GenPI.co - India menjadi salah satu negara yang paling terdampak karena virus corona. Dilaporkan juga banyak anak-anak disana yang menderita karena orangtuanya meninggal dunia.

Seperti Shyam, 17 tahun, menjadi salah satu dari ribuan anak yang terancam hidup di jalanan India.

Ayah dan ibunya Shyam telah meninggalkan keluarganya akibat terinfeksi corona di Gudhiyari, sebuah desa di Raipur di negara bagian Chhattisgarh.

BACA JUGA:  Merinding, Jeritan Semua Warga Frustasi, India Dibuat Tumbang

“Saya memang pergi ke sekolah secara teratur.
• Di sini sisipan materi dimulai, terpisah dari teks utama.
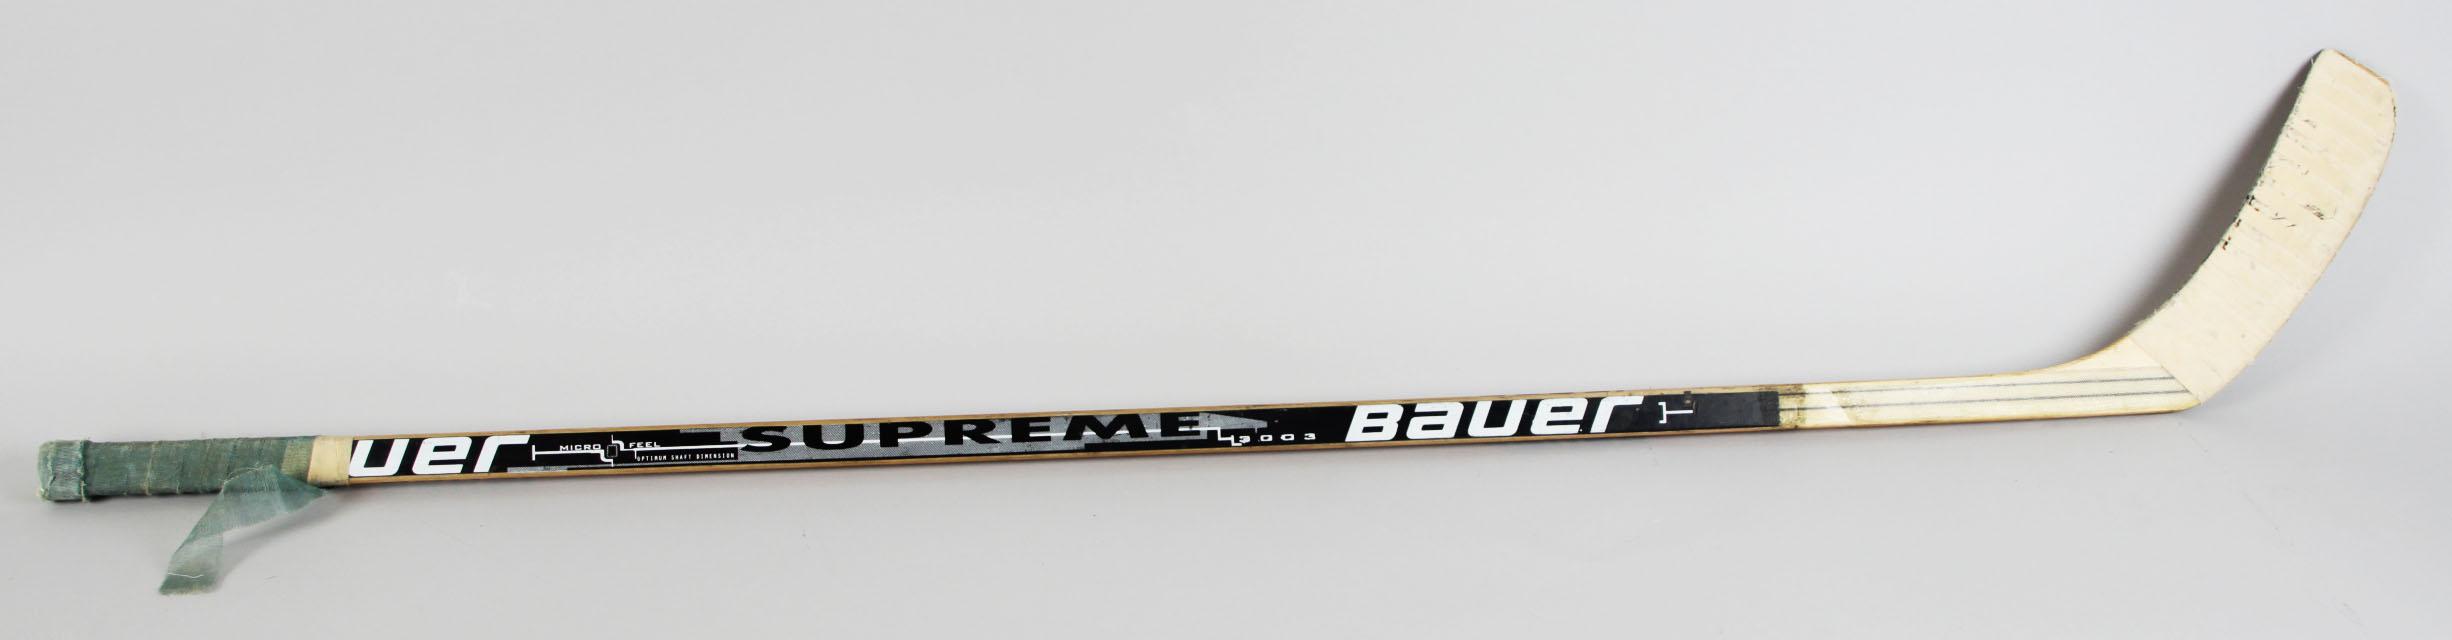 Montreal Canadiens - Valeri Bure Game-Used Hockey Stick - COA

Tetapi kemudian ayah dan ibu saya meninggalkan kami selamanya dan kami tidak tahu untuk waktu yang lama di mana dia berada. Banyak jasad yang bergelimpangan di jalan. Kami sangat takut dan gemetar melihatnya," ujar Shyam, seperti dilansir dari Aljazeera, Jumat (4/6/2021).

Sementara, sebuah studi tahun 2009 yang dilakukan oleh Railway Children India (RCI), sebuah organisasi hak anak yang membantu anak-anak yang berisiko di stasiun kereta api, anak jalanan dan penghuni kumuh, menemukan bahwa ada 121.860 anak-anak tanpa miliki rumah tinggal.
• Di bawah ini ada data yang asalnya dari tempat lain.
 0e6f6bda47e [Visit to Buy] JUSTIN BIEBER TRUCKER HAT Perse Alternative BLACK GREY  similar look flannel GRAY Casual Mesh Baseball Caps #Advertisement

BACA JUGA:  Keren Nih Gebrakan Penting India Lawan Corona, Sangat Menakjubkan

“Anak-anak ini telah melarikan diri atau telah ditelantarkan dan langsung dihadapkan pada kemungkinan kekerasan, eksploitasi, perdagangan manusia, dan pelecehan,” kata Navin Sellaraju selaku CEO RCI.

Shyam sendiri adalah salah satu yang 'beruntung'. Dia diselamatkan oleh The Railway Children (RCI). Dia juga mendapatka konseling dan terdaftar di sekolah pelatihan kejuruan di kota tetangga Durg yang dijalankan oleh organisasi non-pemerintah (LSM) lokal, Chetna Women and Children Society.
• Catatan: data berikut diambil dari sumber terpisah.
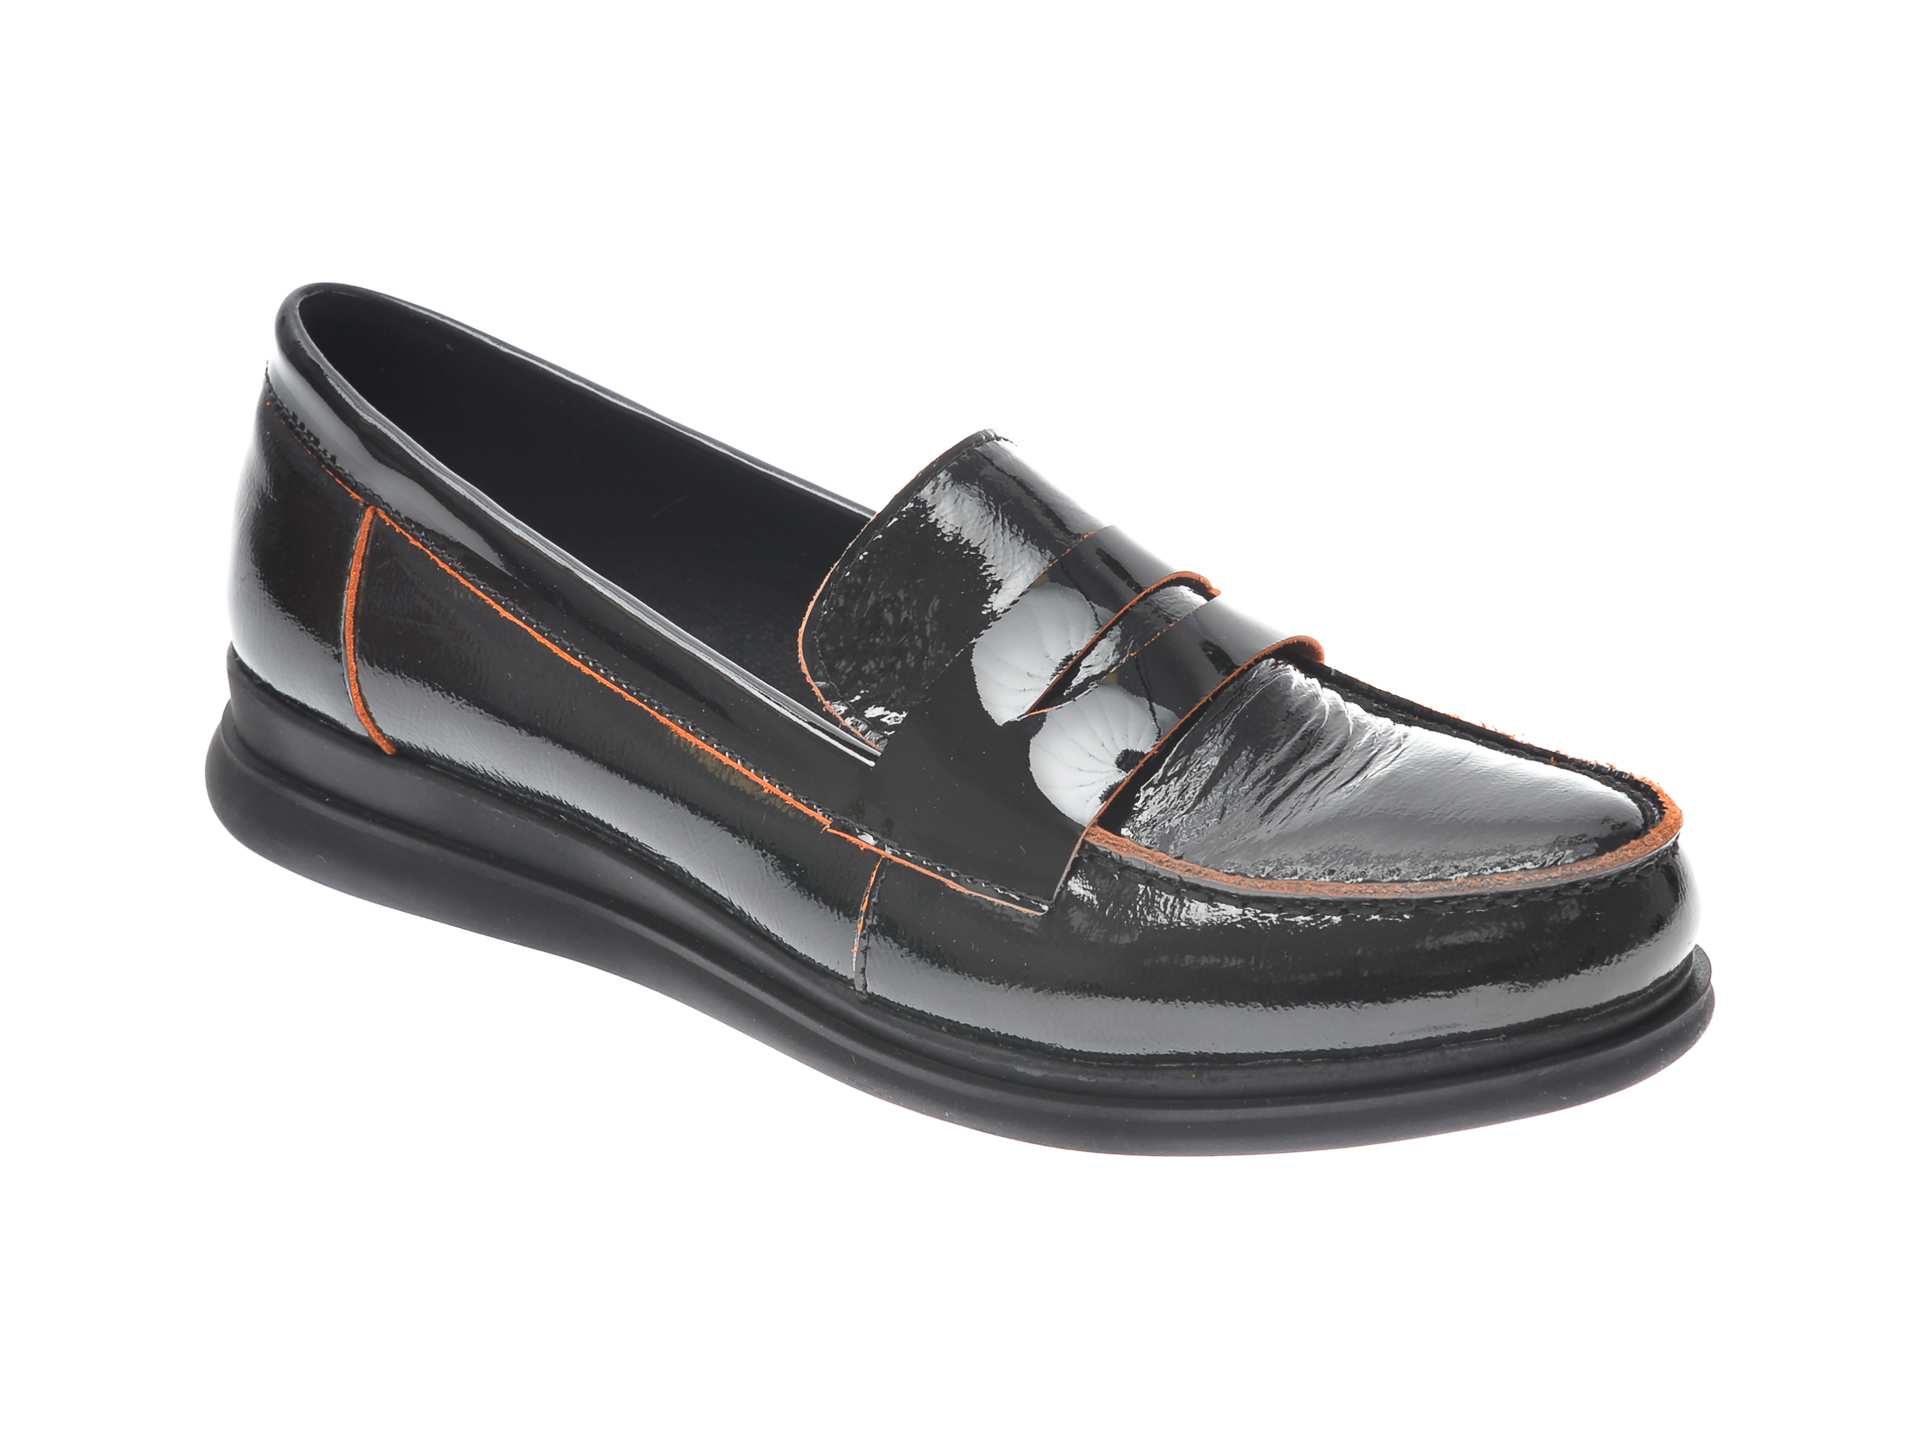 Pantofi Flavia Passini Negri, 1307202, Din Piele Naturala Lacuita

BACA JUGA:  Dokter-dokter India Kirim Sinyal Bahaya, Semua Syok Akibat Corona

Perlu diketahui juga, anak-anak di India, terutama yang berasal dari komunitas terpinggirkan, mengalami kesulitan bahkan sebelum pandemi Covid-19. Data dari Sensus terakhir tahun 2011 menunjukkan bahwa India memiliki 10,1 juta pekerja anak.

Lebih dari 200.000 anak-anak India bekerja atau tinggal di jalanan, menurut survei Save the Children 2019 Spotlight on Invisibles, yang mencakup 10 kota di negara itu. Hampir 60 persen dari anak-anak ini berusia antara enam dan 14 tahun.

Sedangkan, Organisasi pemerintah seperti Komisi Nasional untuk Perlindungan Hak Anak (NCPCR), saluran bantuan darurat anak 24 jam (Childline 1098), komite kesejahteraan anak tingkat distrik (CWC) dan jaringan besar organisasi kolaboratif di sektor publik dan swasta telah bekerja untuk meningkatkan standar hidup anak-anak di India dan telah membuat beberapa langkah besar selama bertahun-tahun.

Namun, mereka semua setuju bahwa banyak kemajuan yang dicapai dalam menangani pekerja anak, pendidikan, gizi, kesehatan mental, pencegahan kekerasan dalam rumah tangga, dan pernikahan anak telah dibatalkan oleh Covid-19.

Hilangnya pekerjaan dan kemiskinan yang diakibatkan oleh pandemi adalah cerita yang dimainkan di jutaan rumah seperti Shyam di seluruh India.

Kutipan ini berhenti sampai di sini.